What to do
Transcribe the whole listing below without changing a word, but leave out every image.

Given material
:::

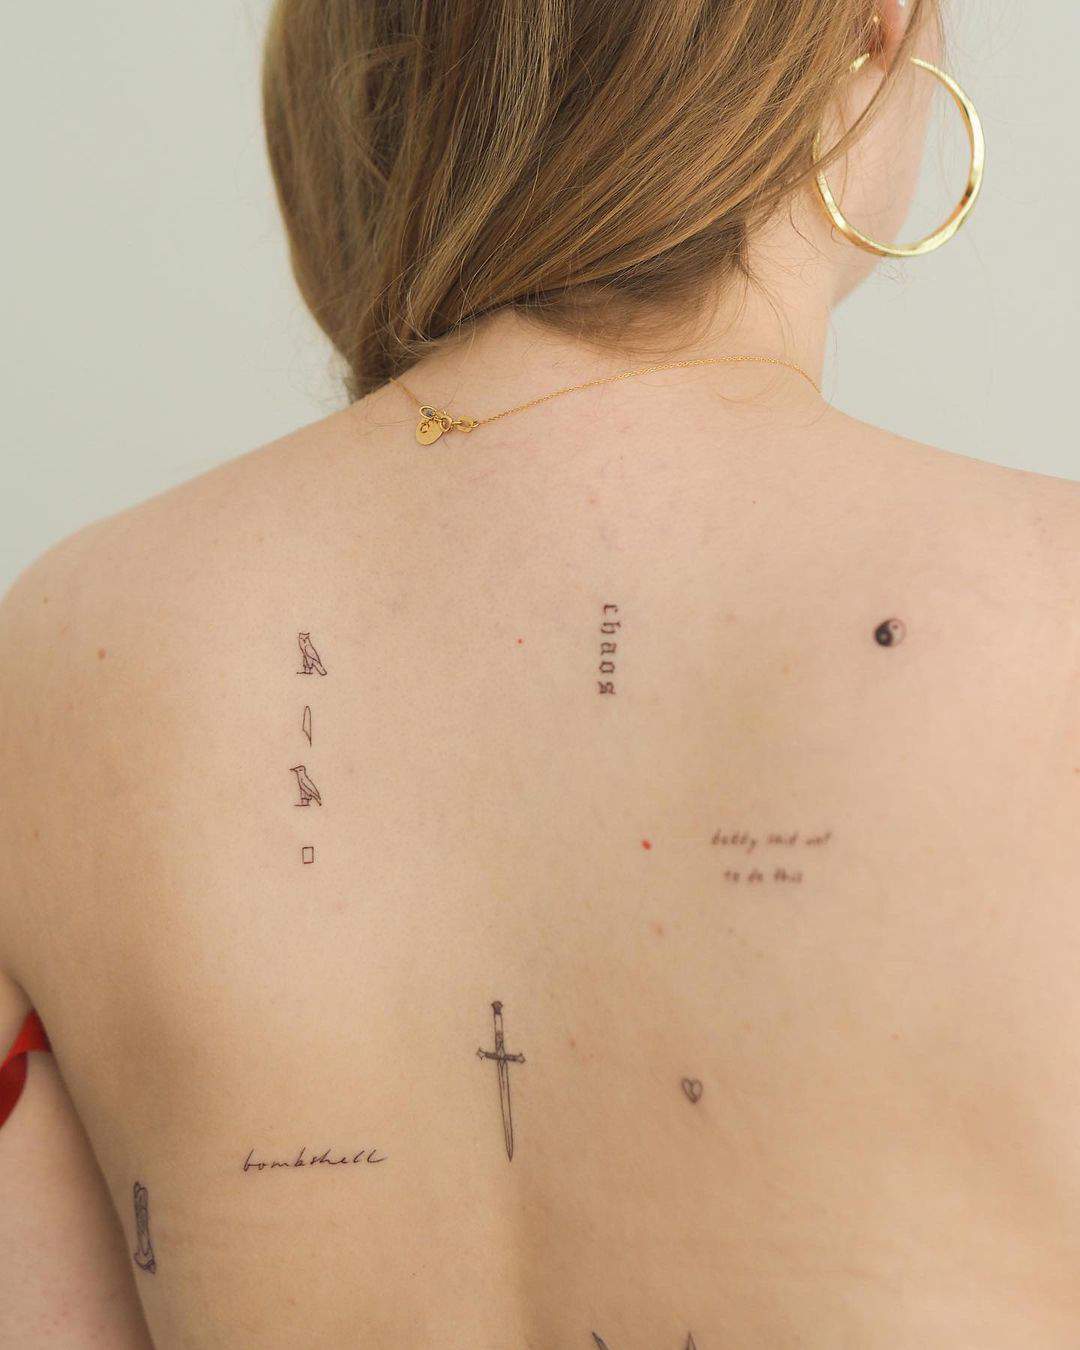 Composición de tattoos personalizada sobre la espalda
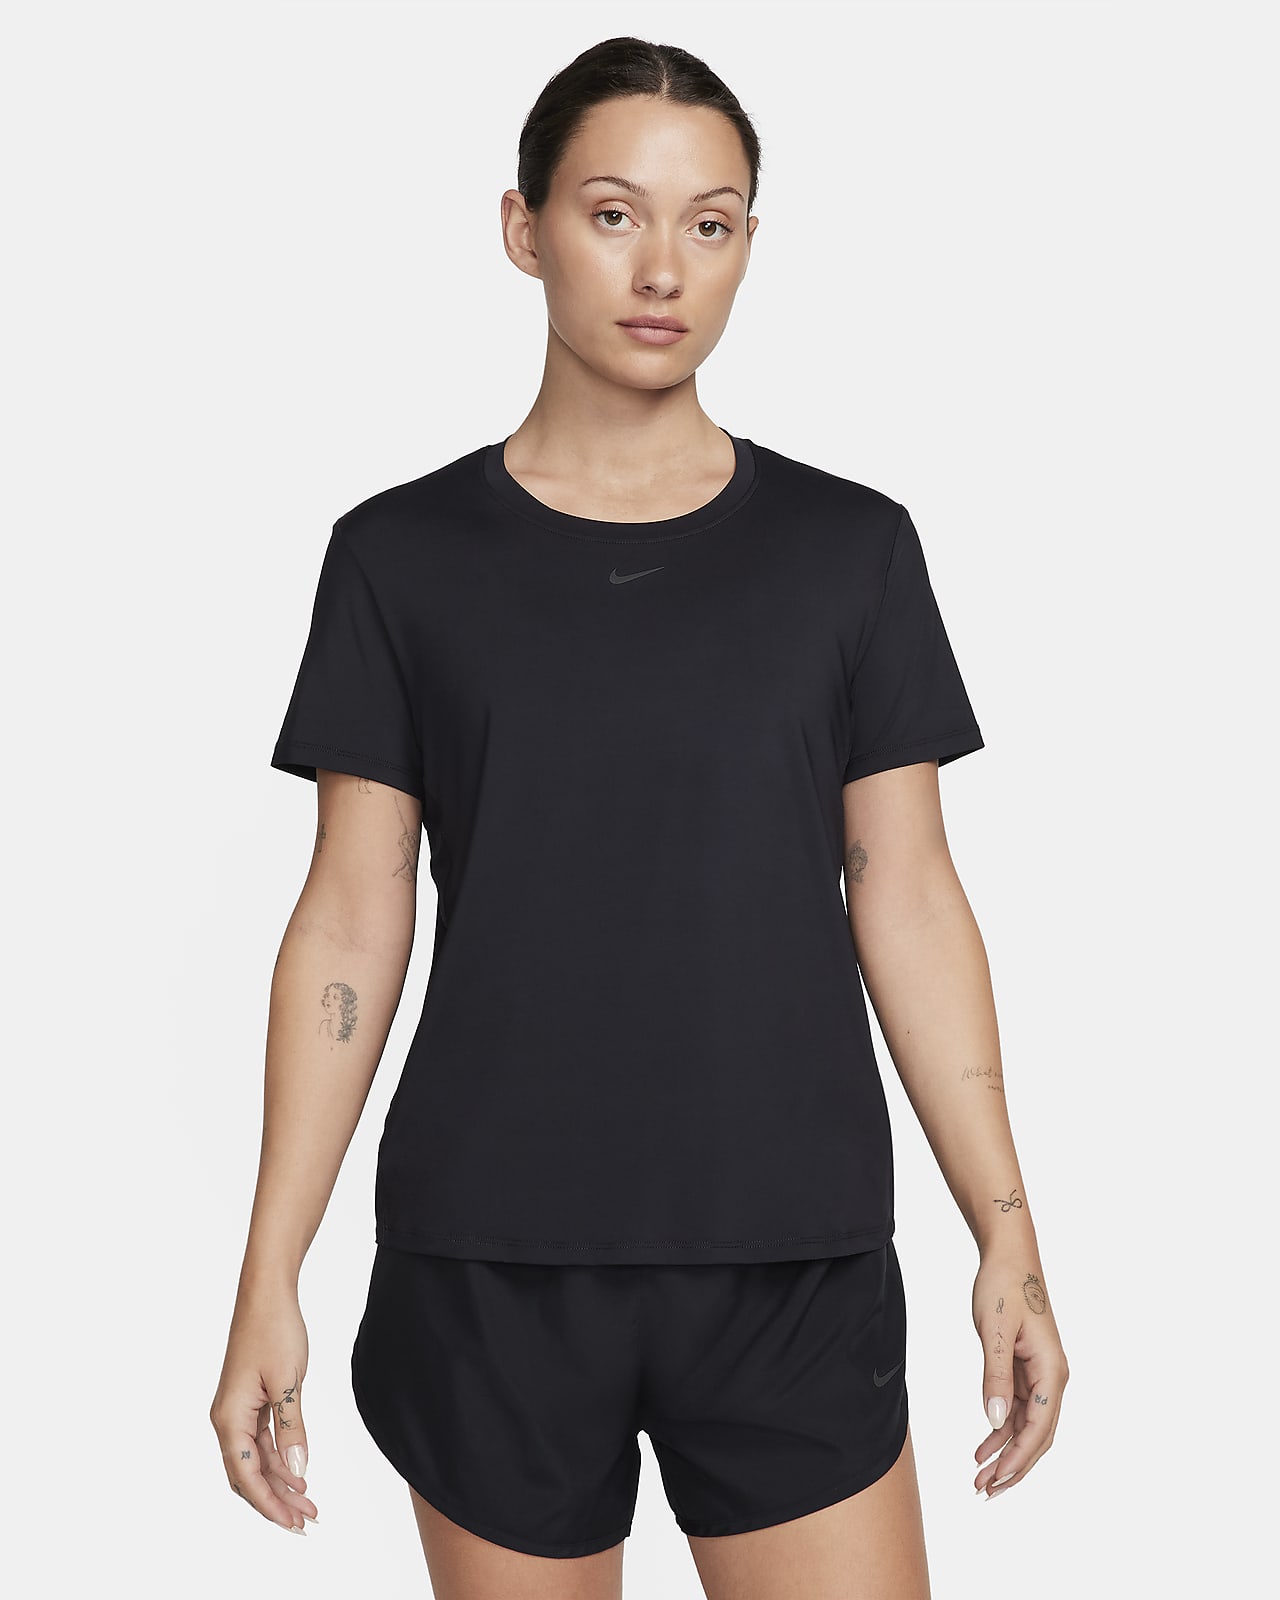 Dámské tričko Dri-Fit Nike One Classic s krátkým rukávem
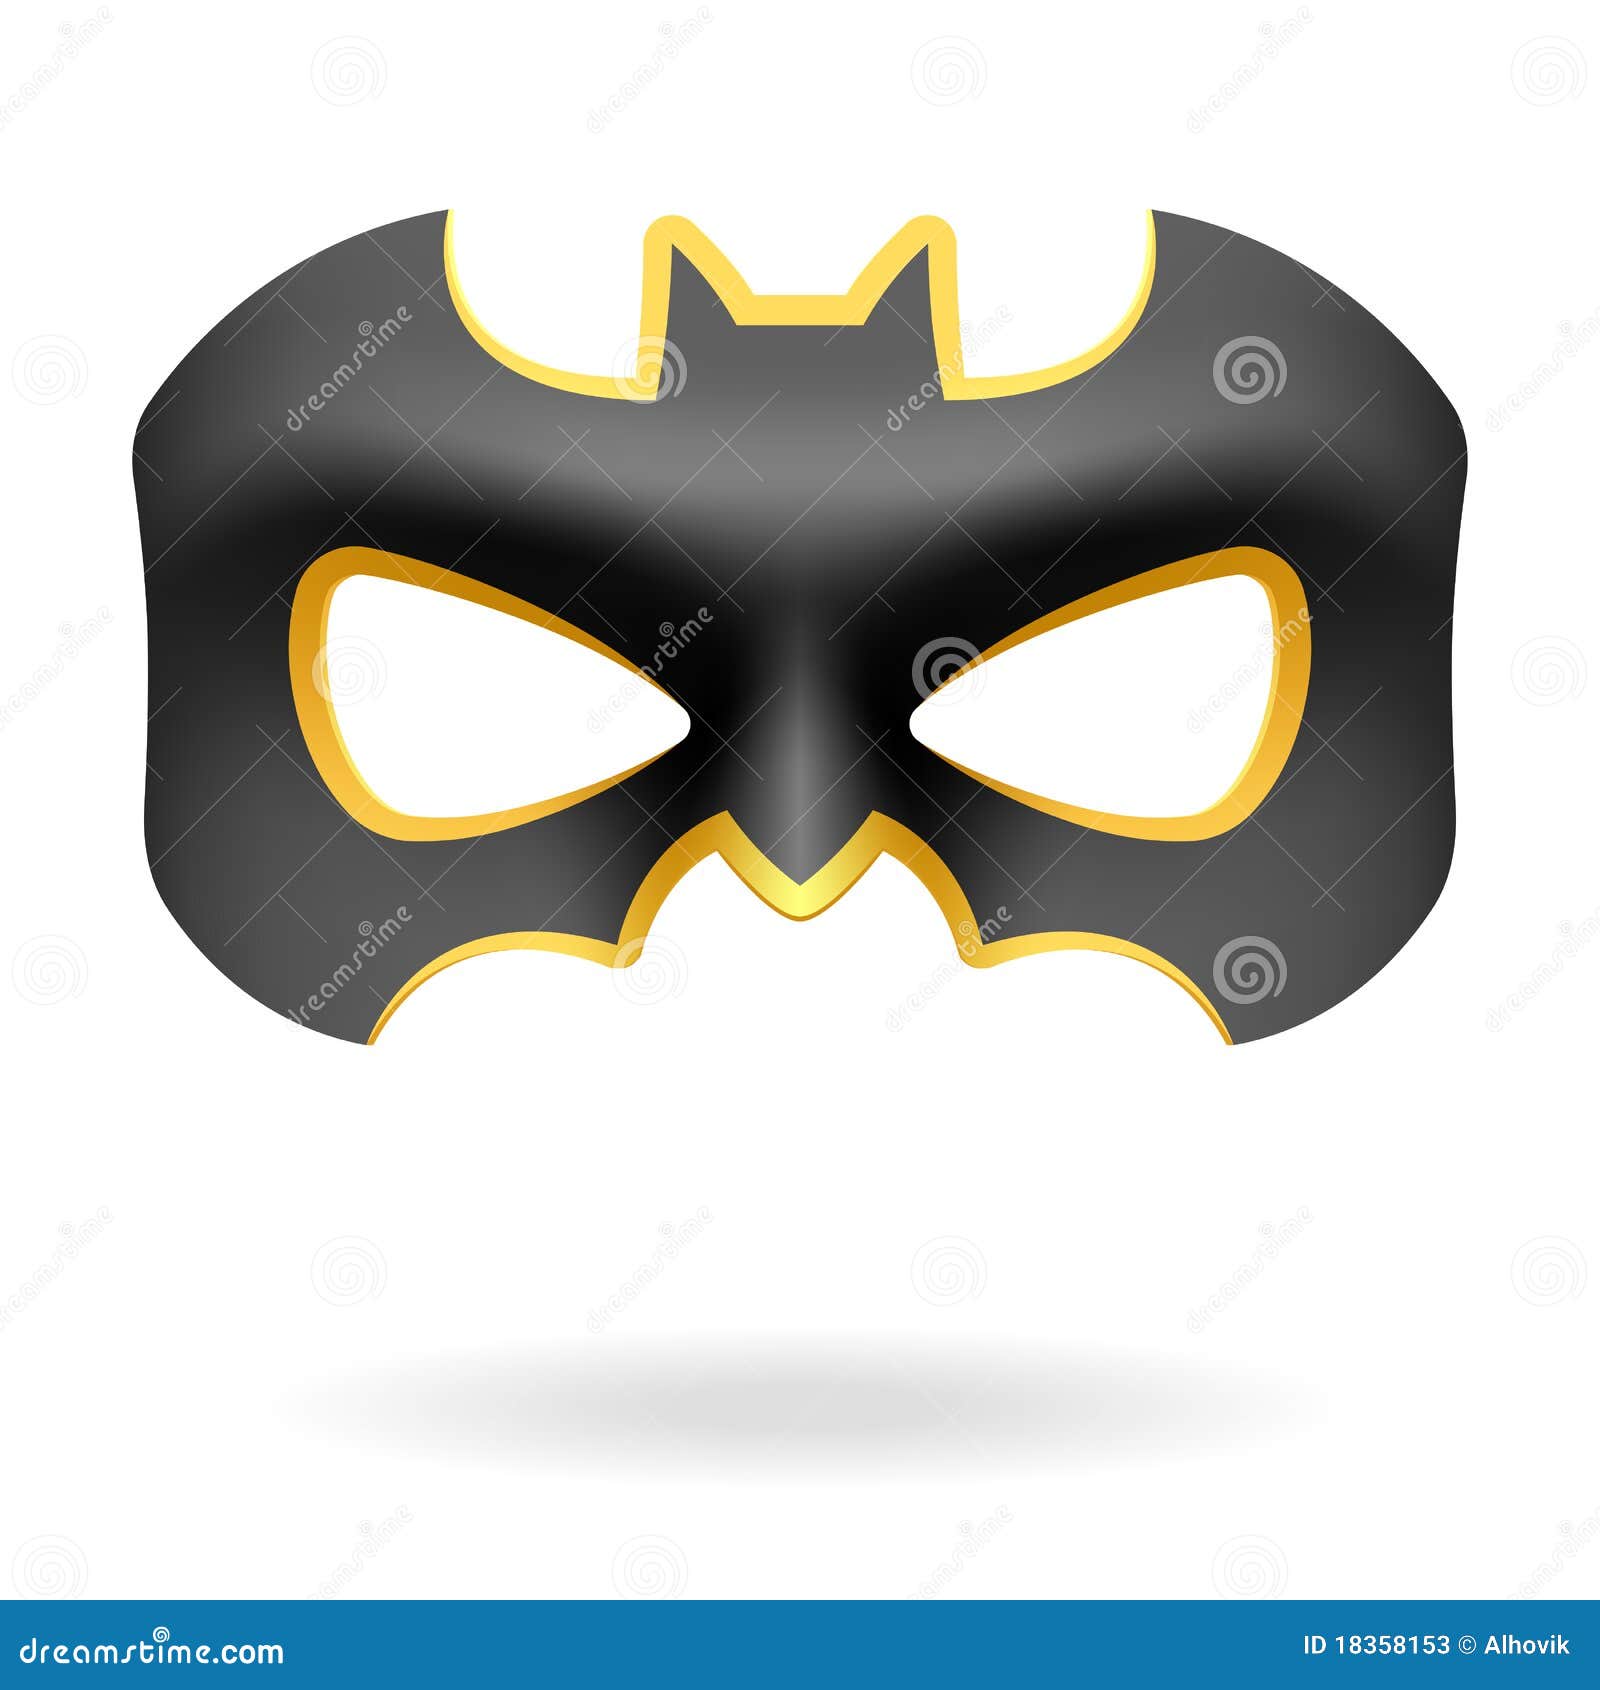 Batman Mask Stock Illustrations – 185 Batman Mask Stock Illustrations,  Vectors & Clipart - Dreamstime
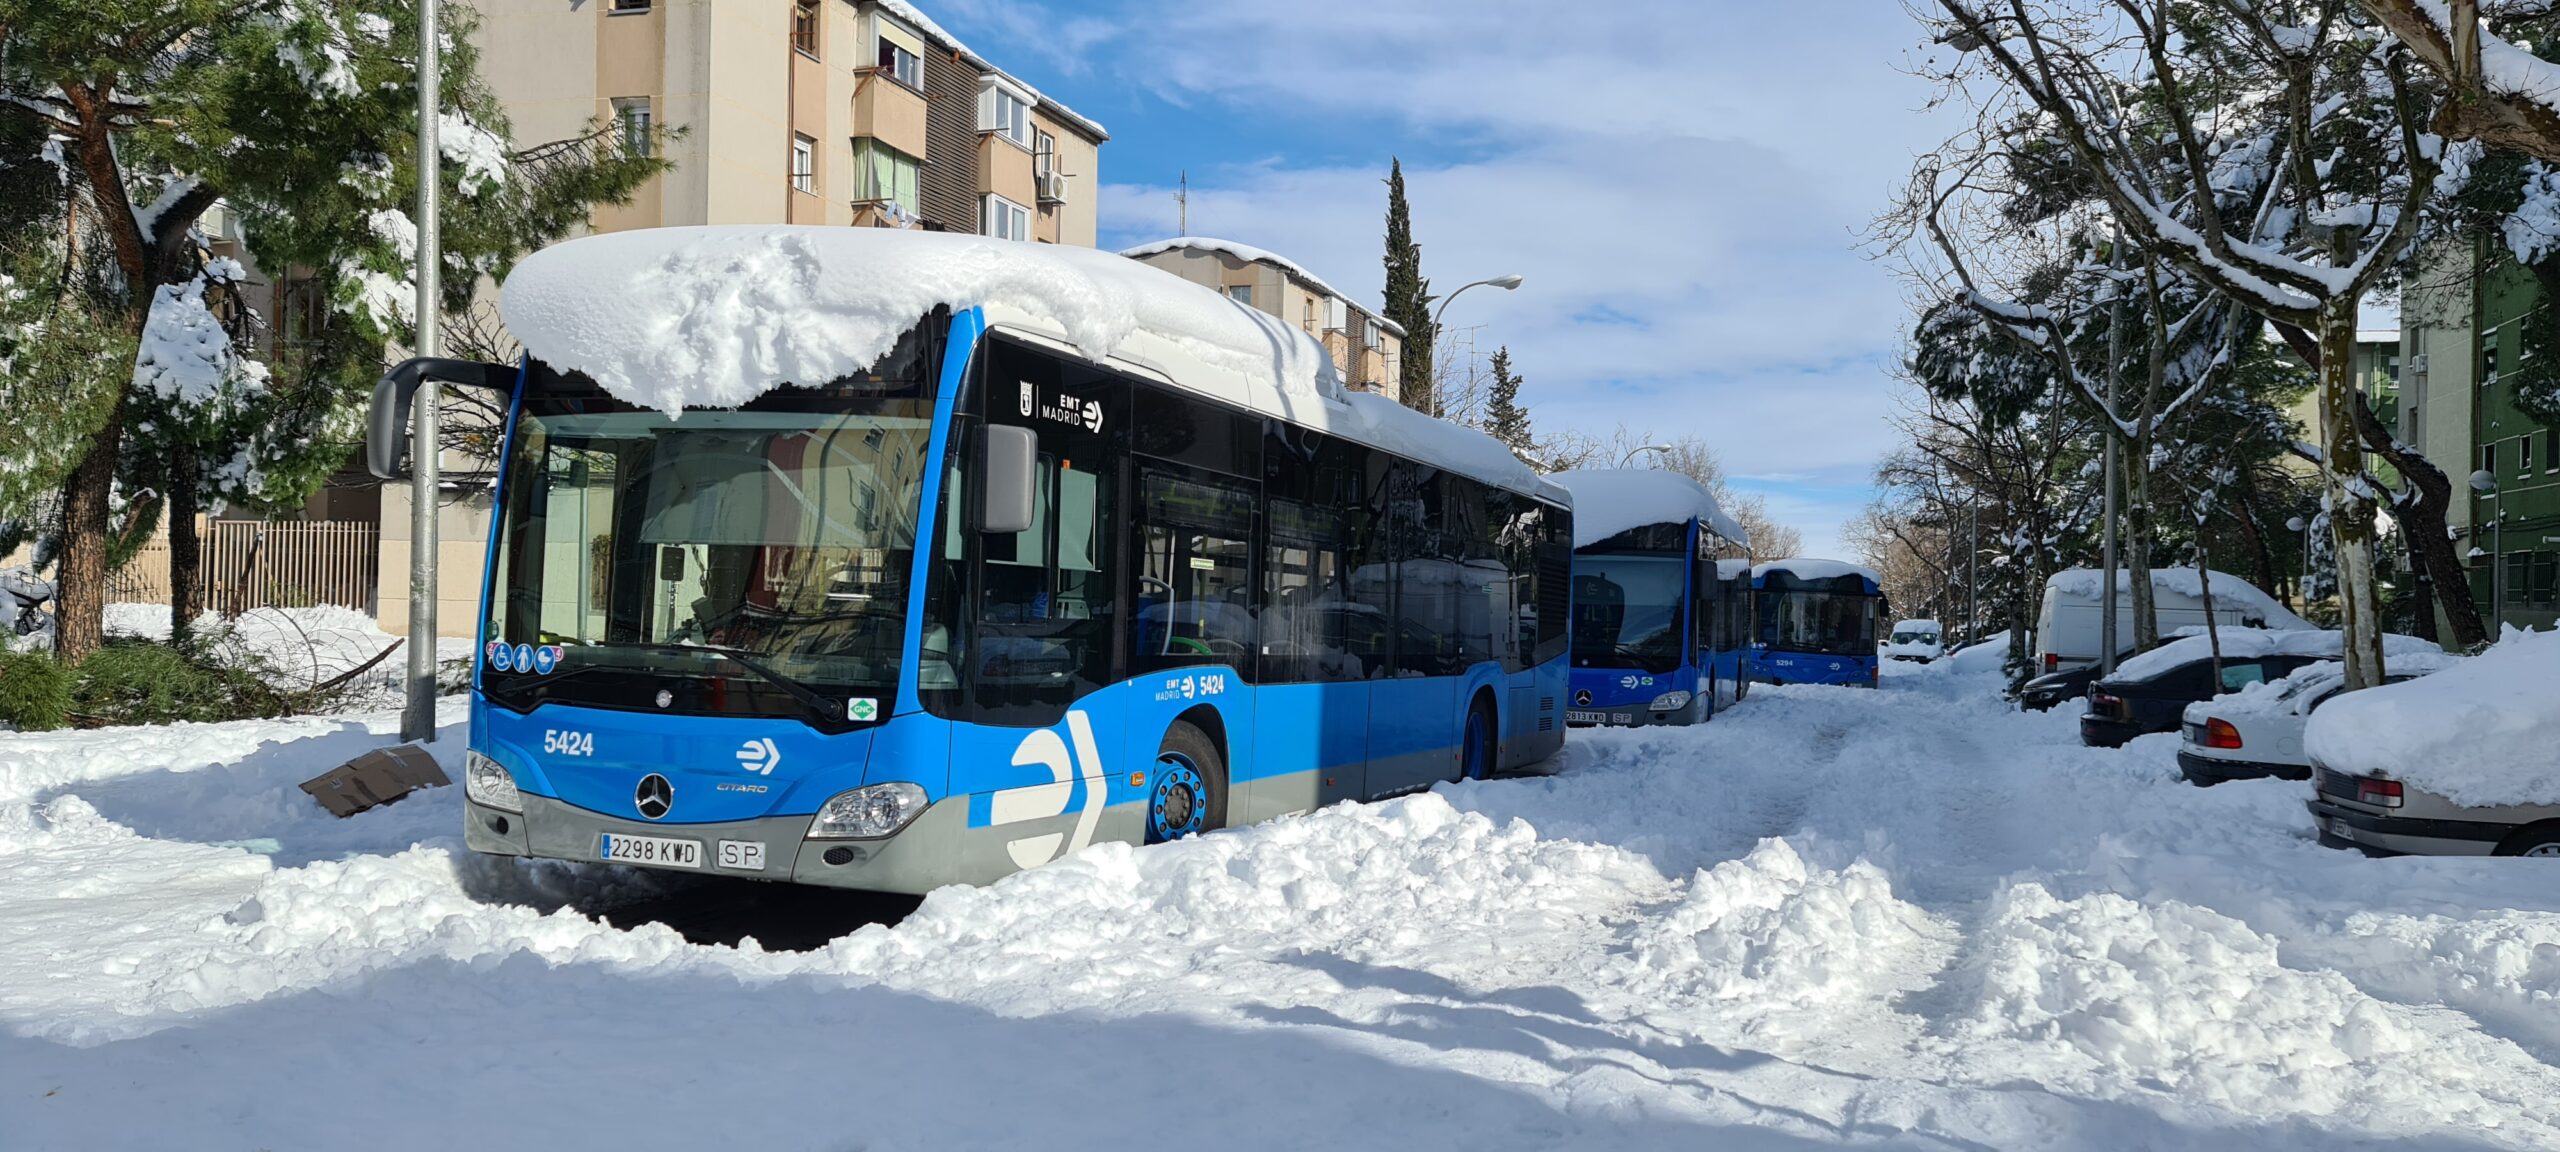 Заваленные снегом автобусы. Фото Marcial RodrÃ­Guez/Contacto via ZUMA Press/Scanpix/Leta

:::

Exercise output
 Composición de tattoos personalizada sobre la espalda
 Dámské tričko Dri-Fit Nike One Classic s krátkým rukávem
 Batman Mask Stock Illustrations – 185 Batman Mask Stock Illustrations,  Vectors & Clipart - Dreamstime
 Заваленные снегом автобусы. Фото Marcial RodrÃ­Guez/Contacto via ZUMA Press/Scanpix/Leta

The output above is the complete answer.